First Employee in New York

Even if your company already has employees in other U.S. states, New York has its own specific requirements. If you have an employee based in New York, you probably have to satisfy most of these to avoid potential liability.

Insurance

This includes obtaining the disability insurance coverage mentioned above. Whereas most states require workers’ compensation insurance, New York is one of only five states that require this coverage. It provides partial compensation for employees unable to work based on a non-work illness/injury. (California, Hawaii, New Jersey, and Rhode Island have similar requirements.)

Wages

New York also has specific wage notice requirements. Basically, each employee in New York must receive written notice of certain information about their employer and their compensation. The employee must sign and return a copy, and the employer must retain the copy in its files. Moreover, if the employee’s primary language is one other than English, the notice may have to be provided in that language. Finally, changes in compensation or company information may require employers to give employees new notices. I have discussed New York’s wage notice requirements in more detail here.

Upon hiring an employee in New York, you must also notify the state that you have done so. More information about that requirement/process can be found here.

Policies

In the past couple of years, New York has also add written employee policy requirements for the first time. All employers must provide every employee with a copy of a written sexual harassment prevention policy and a paid family leave policy. New York employers must also provide annual sexual harassment prevention training to all employees. New hires must receive a copy of the sexual harassment training materials at the time of hire.

There are some requirements that depend more specifically on where within New York the employee works. Most of these relate to employees in New York City. For example, New York City has a paid sick leave law that requires employers to notify employees of their sick leave rights.

First Employee in the United States

There are some requirements that will apply to all employees in the United States, whether in New York or another state.

Employers must obtain and retain a completed I-9 form for each employee hired after November 6, 1986. This form confirms the individual’s eligibility to work in the United States. In addition to providing information on the form, employees must show documentation establishing their right to work. This may include drivers’ licenses, passports, social security cards, visas, etc. Allowing an employee to work without completing the form in the first 3 days of employment creates significant legal exposure under U.S. immigration laws.

Employees should also complete a W-4 form to enable the employer to make appropriate tax deductions from their compensation. Many states also impose income taxes, and may have their own employee withholding form. For example, New York’s IT-2104 form is available here. Failure to properly deduct income taxes can create problems for both the employer and the employee.
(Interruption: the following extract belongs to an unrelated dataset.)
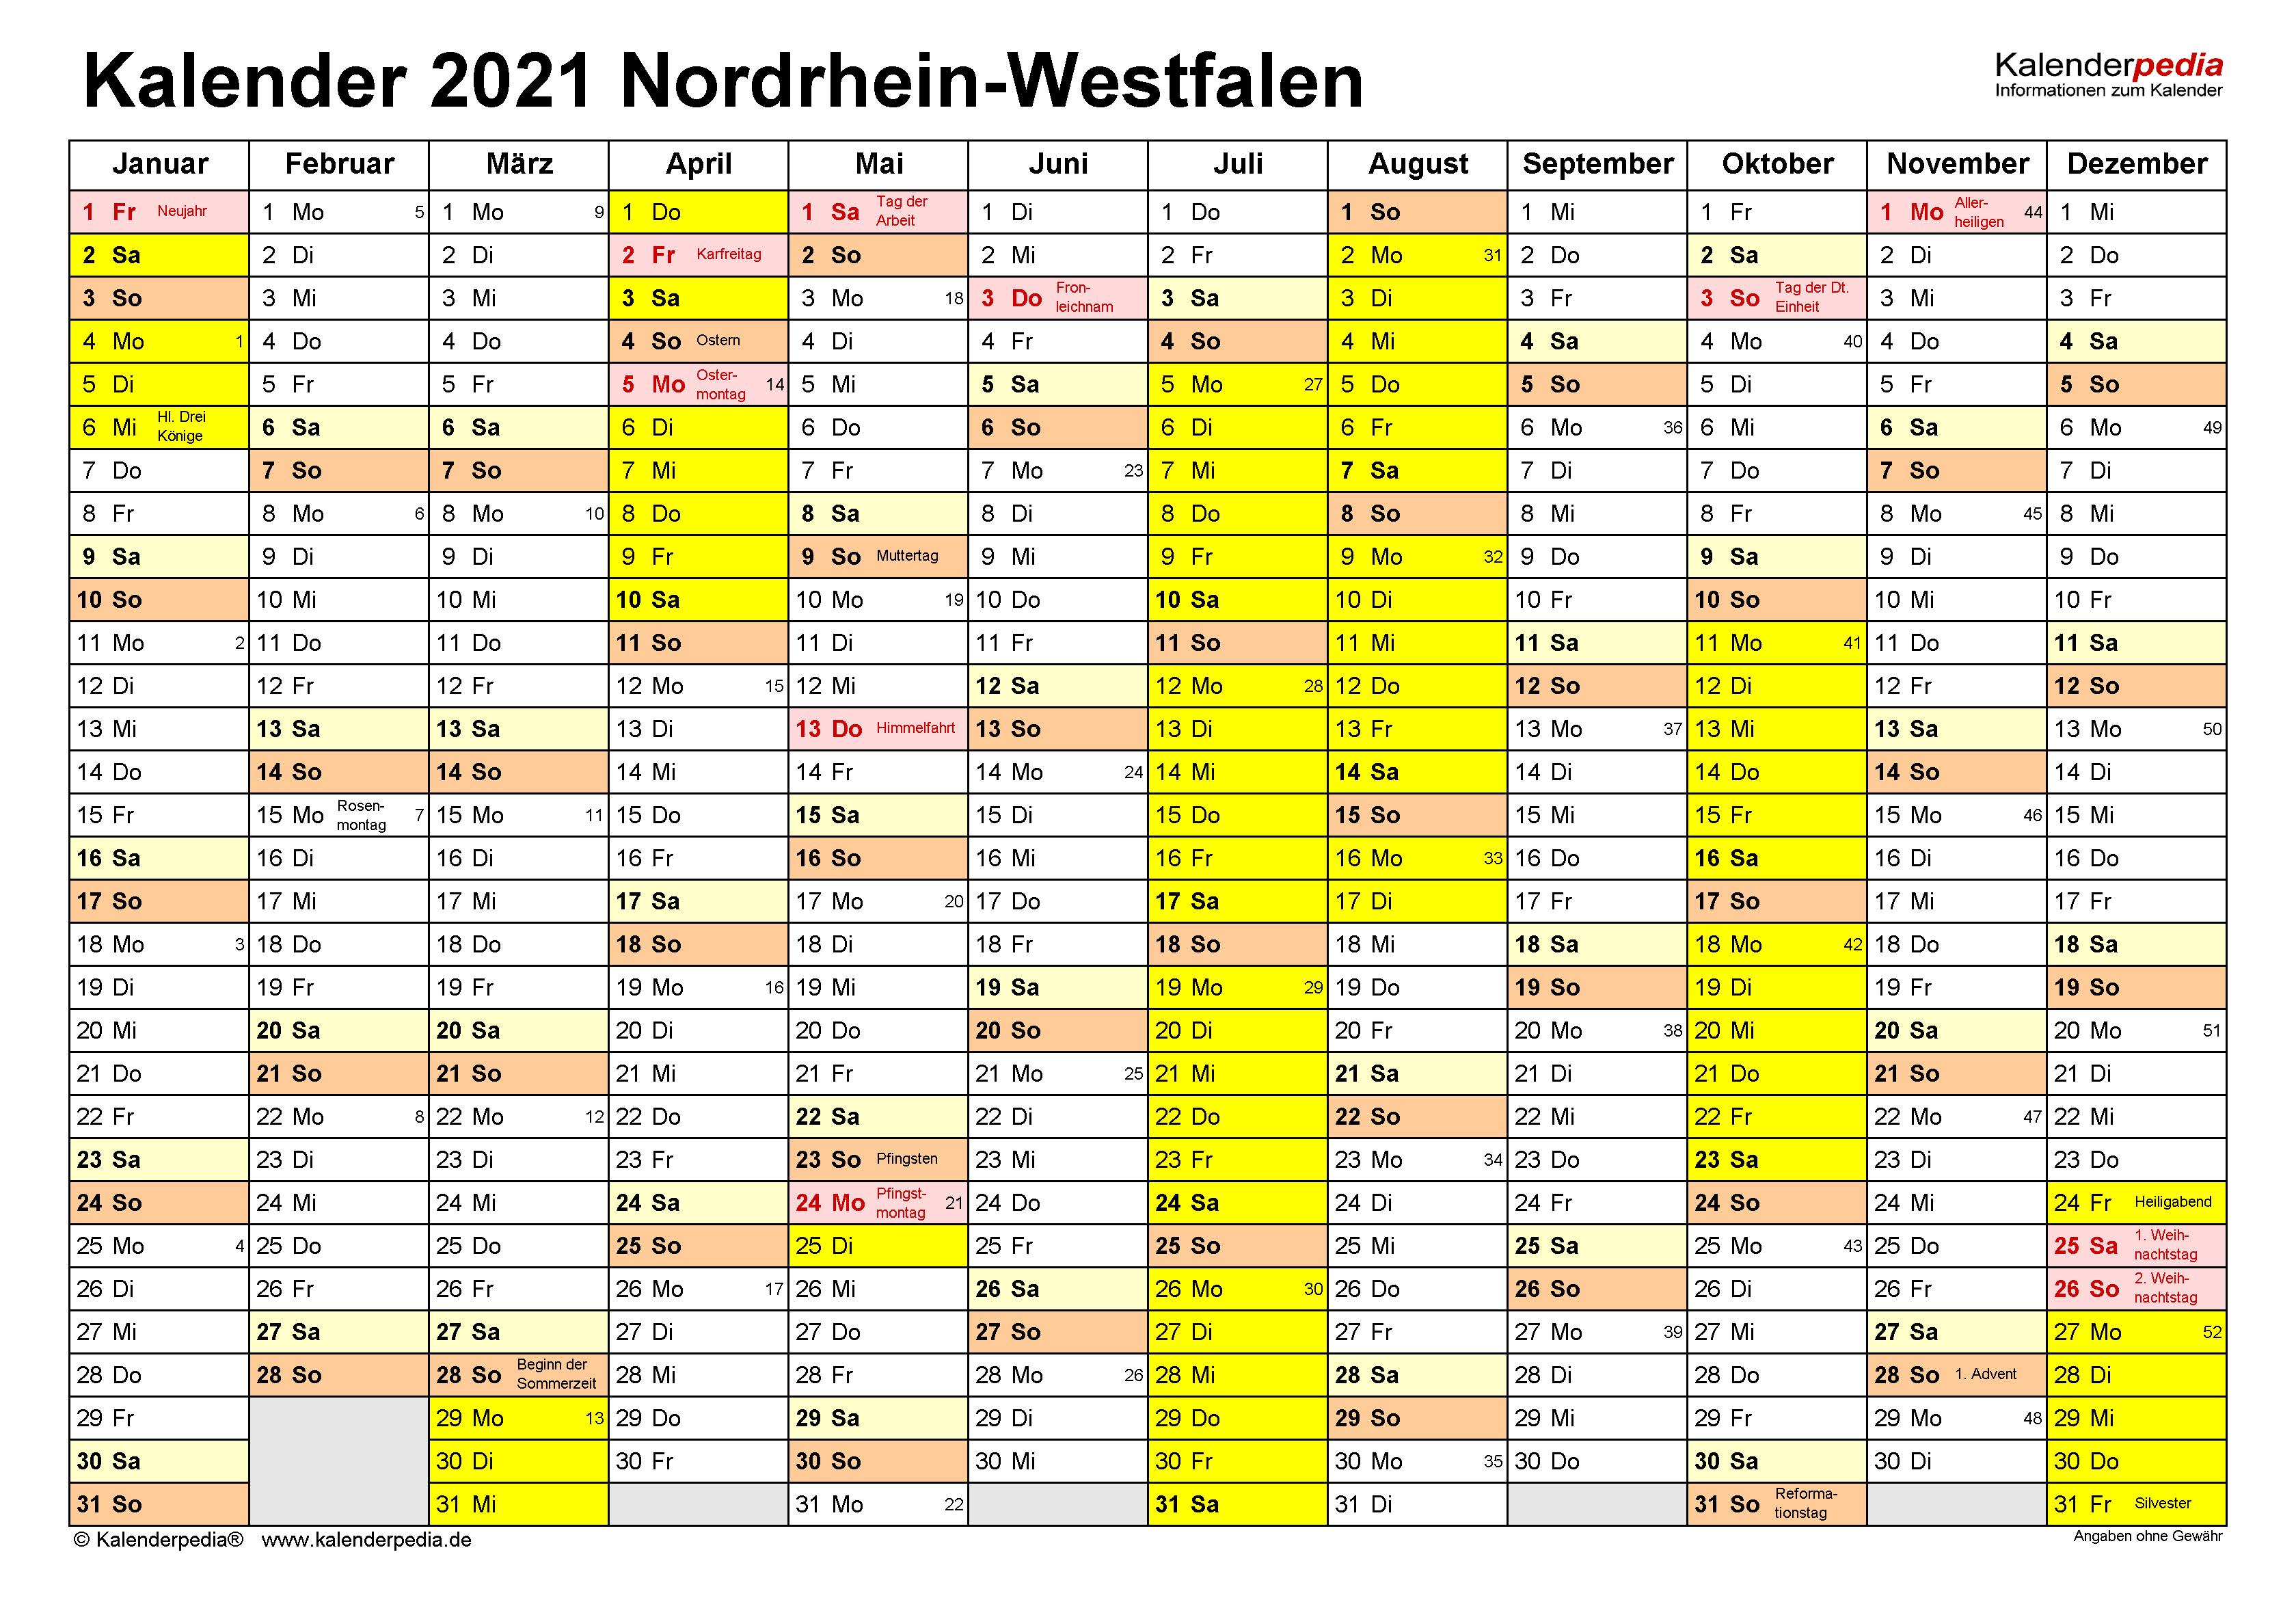 Kalender 2021 NRW: Ferien, Feiertage, Excel-Vorlagen

Finally, the Fair Labor Standards Act establishes both a minimum wage (currently $7.25 per hour) and overtime requirements (generally time and half pay for hours worked beyond 40 in a week). Many states, including New York, have similar laws that may impose higher wage requirements (as is currently the case in New York). Some employees, however, are exempt from minimum wage and/or overtime pay requirements. Be sure you know how these (extremely complicated) laws affect your employee(s) before bringing them on board.

Don’t Stop Here

If you are hiring your first employee in New York (or anywhere else), make sure you thoroughly consider all of the legal and financial implications.  They are not all mentioned here, but hopefully this is a good place to start. Most business owners should speak to both an accountant and an employment lawyer before adding employees. This is definitely a situation where being proactive can save you considerably in the long run.